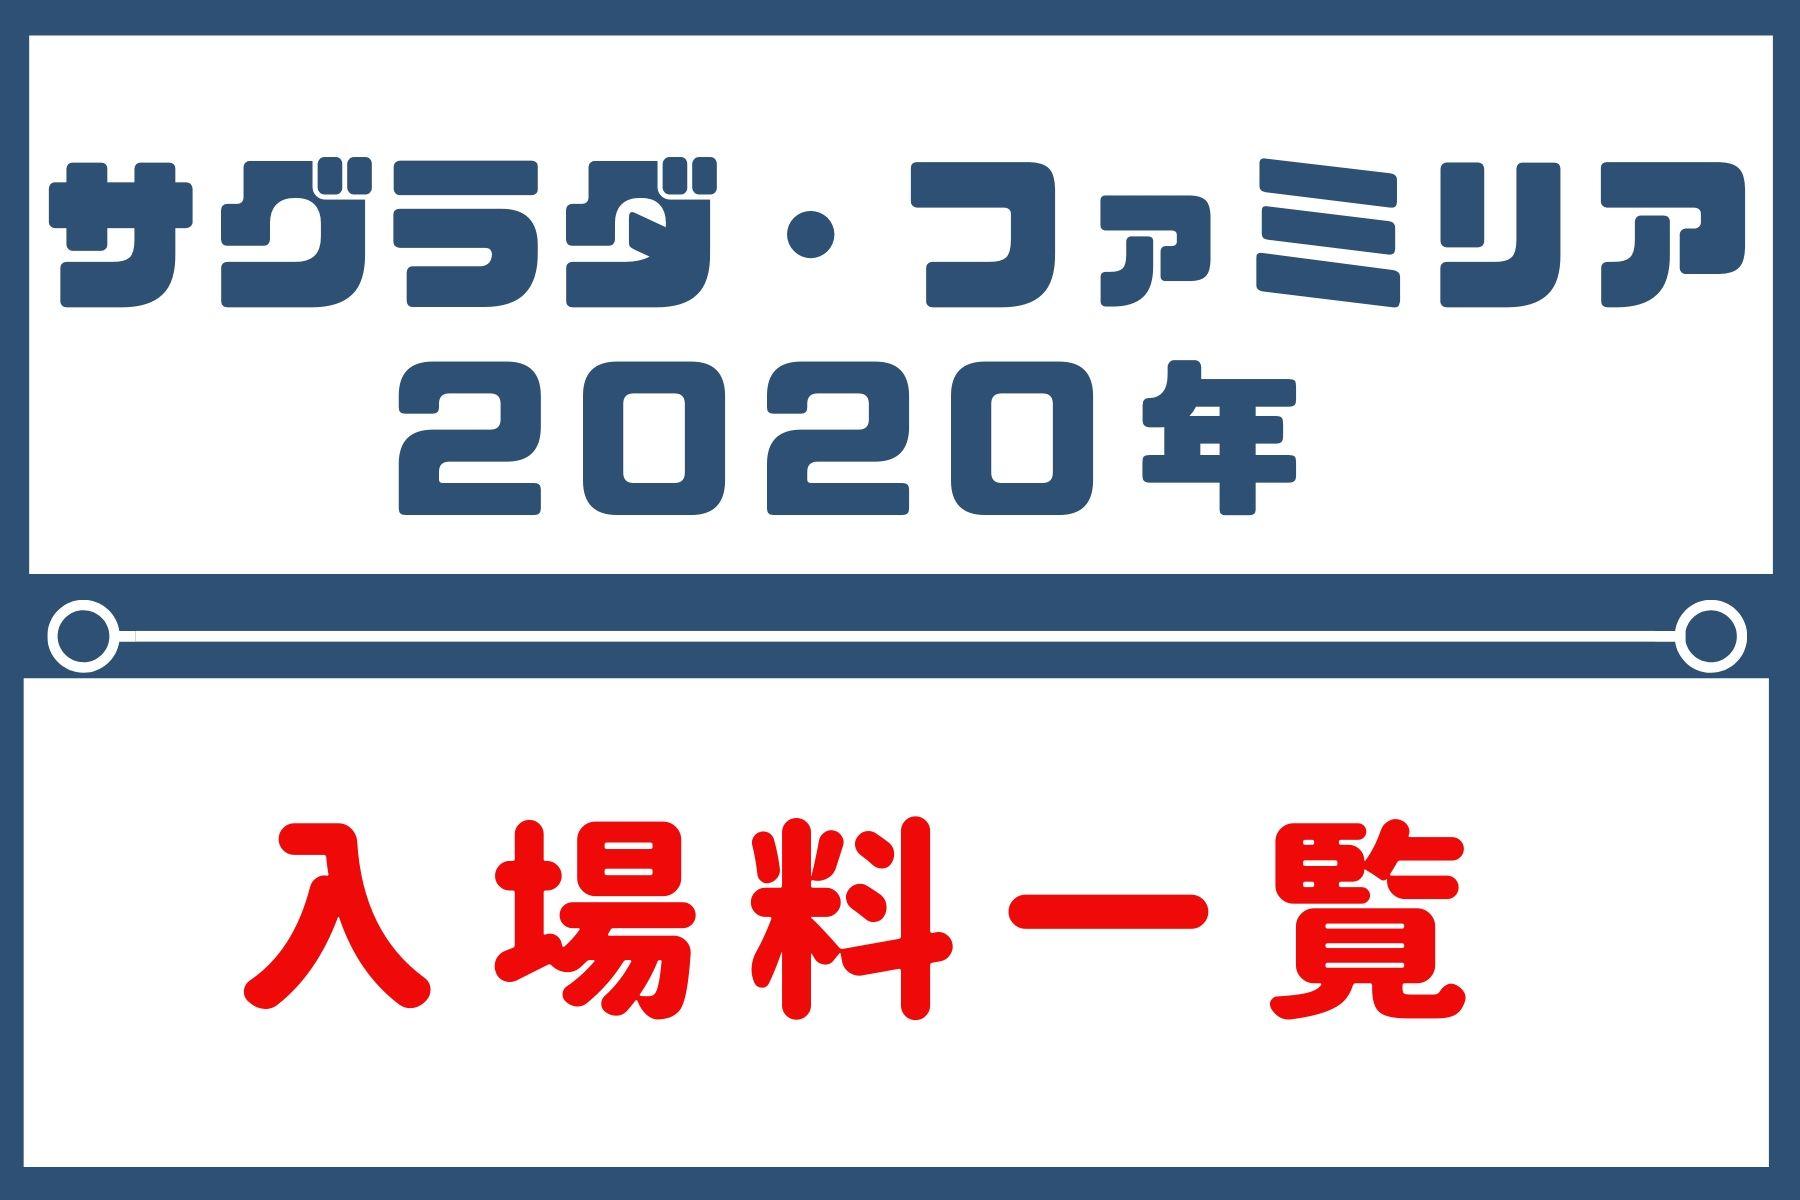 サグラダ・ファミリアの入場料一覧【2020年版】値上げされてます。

────────

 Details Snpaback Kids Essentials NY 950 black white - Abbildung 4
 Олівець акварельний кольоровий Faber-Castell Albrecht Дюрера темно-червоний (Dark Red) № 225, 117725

────────

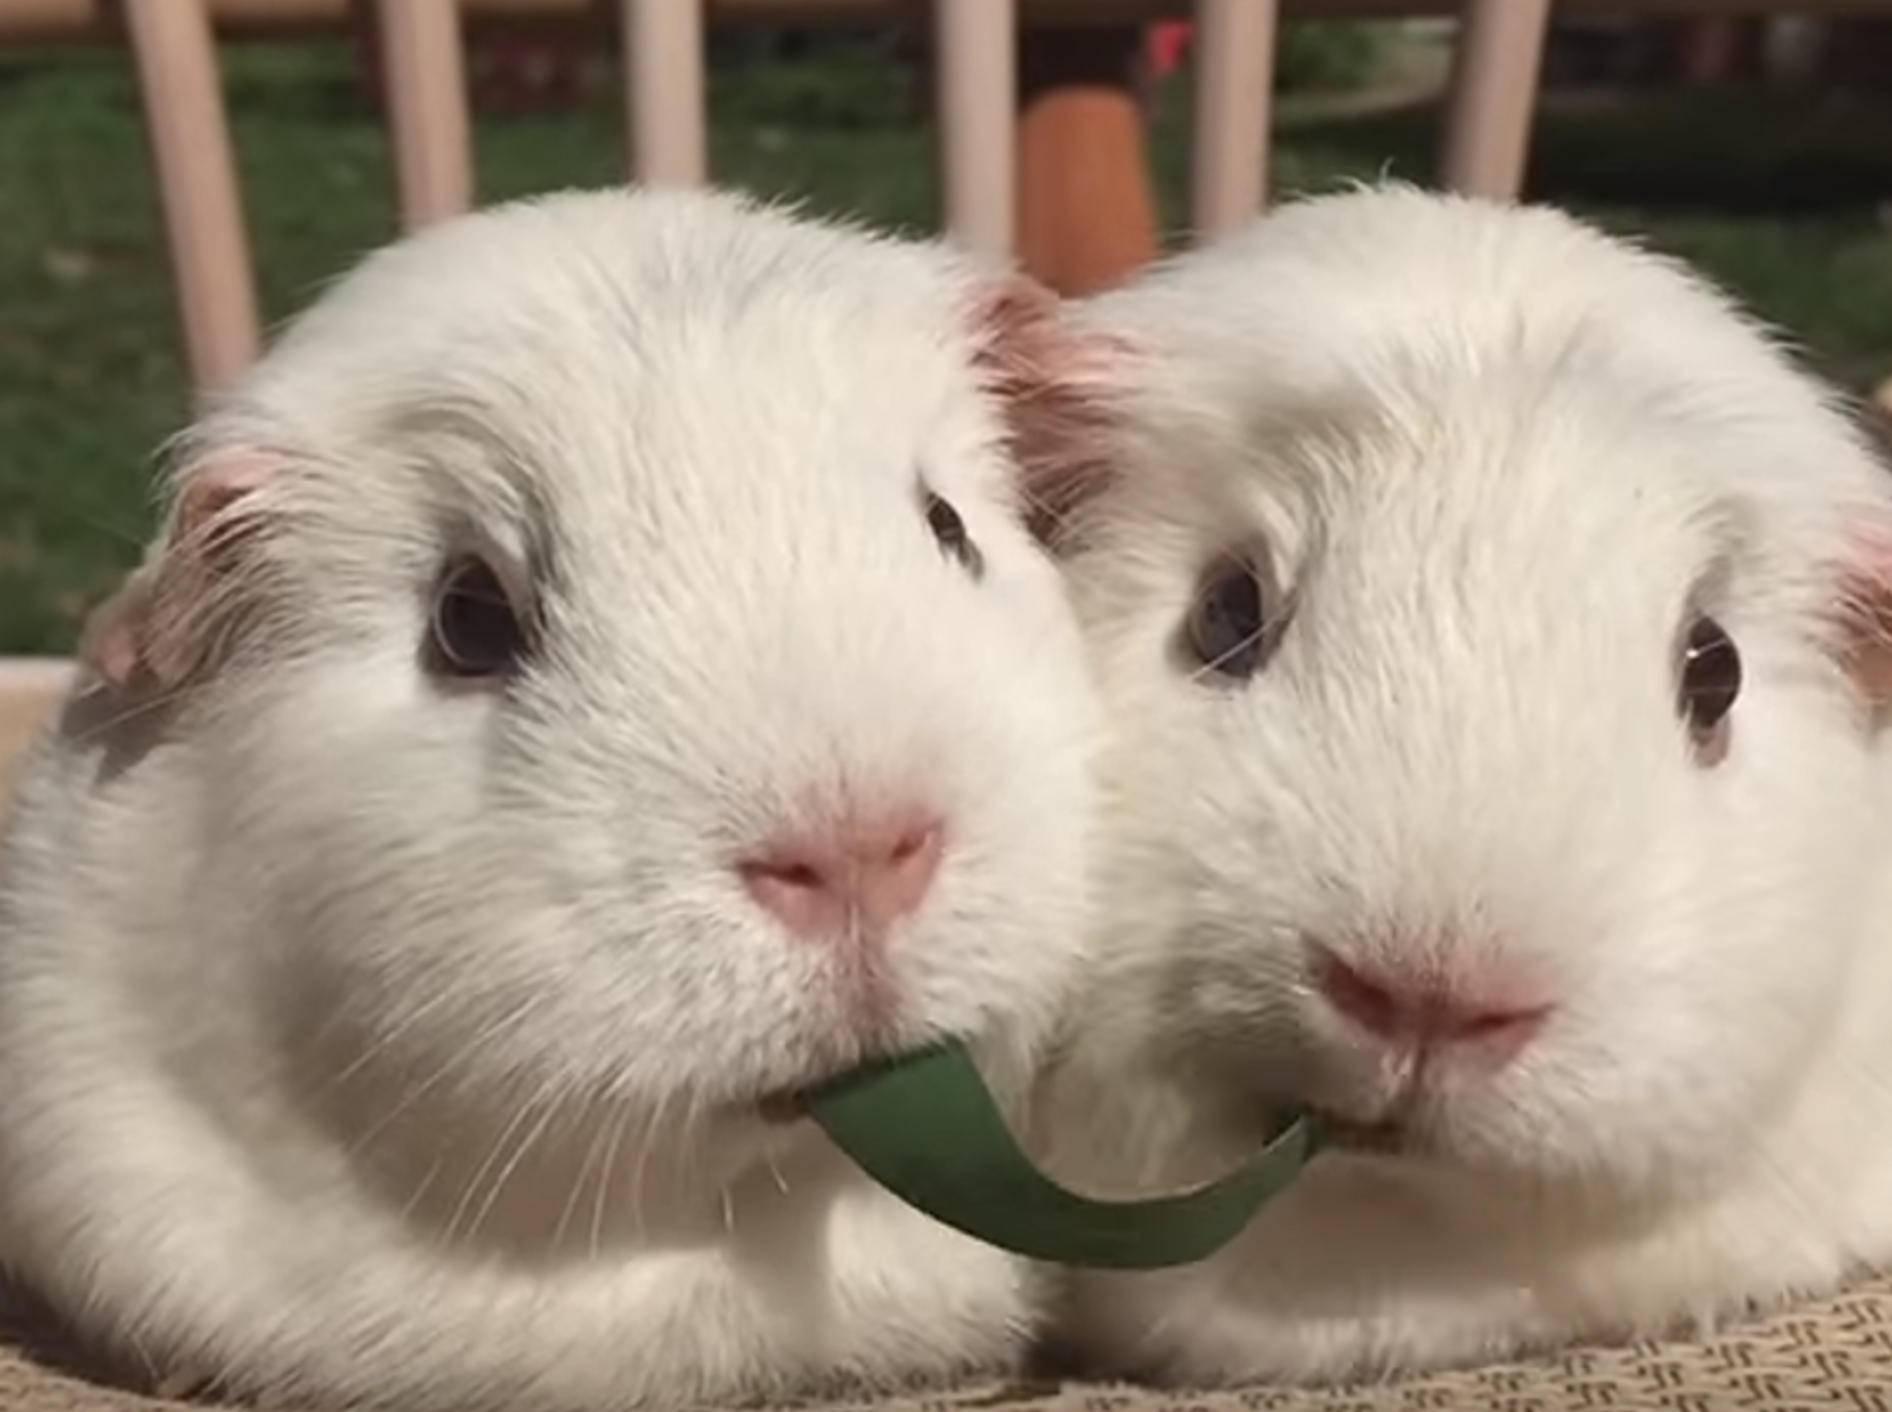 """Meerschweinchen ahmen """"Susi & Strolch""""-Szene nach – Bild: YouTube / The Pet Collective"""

────────

ACTIVITY: Look through the entries above and quote exactly the lines from the line with "Details Snpaback Kids" to the line with "Олівець акварельний кольоровий", counting both of those lines.

RESULT OF THE TASK:
 Details Snpaback Kids Essentials NY 950 black white - Abbildung 4
 Олівець акварельний кольоровий Faber-Castell Albrecht Дюрера темно-червоний (Dark Red) № 225, 117725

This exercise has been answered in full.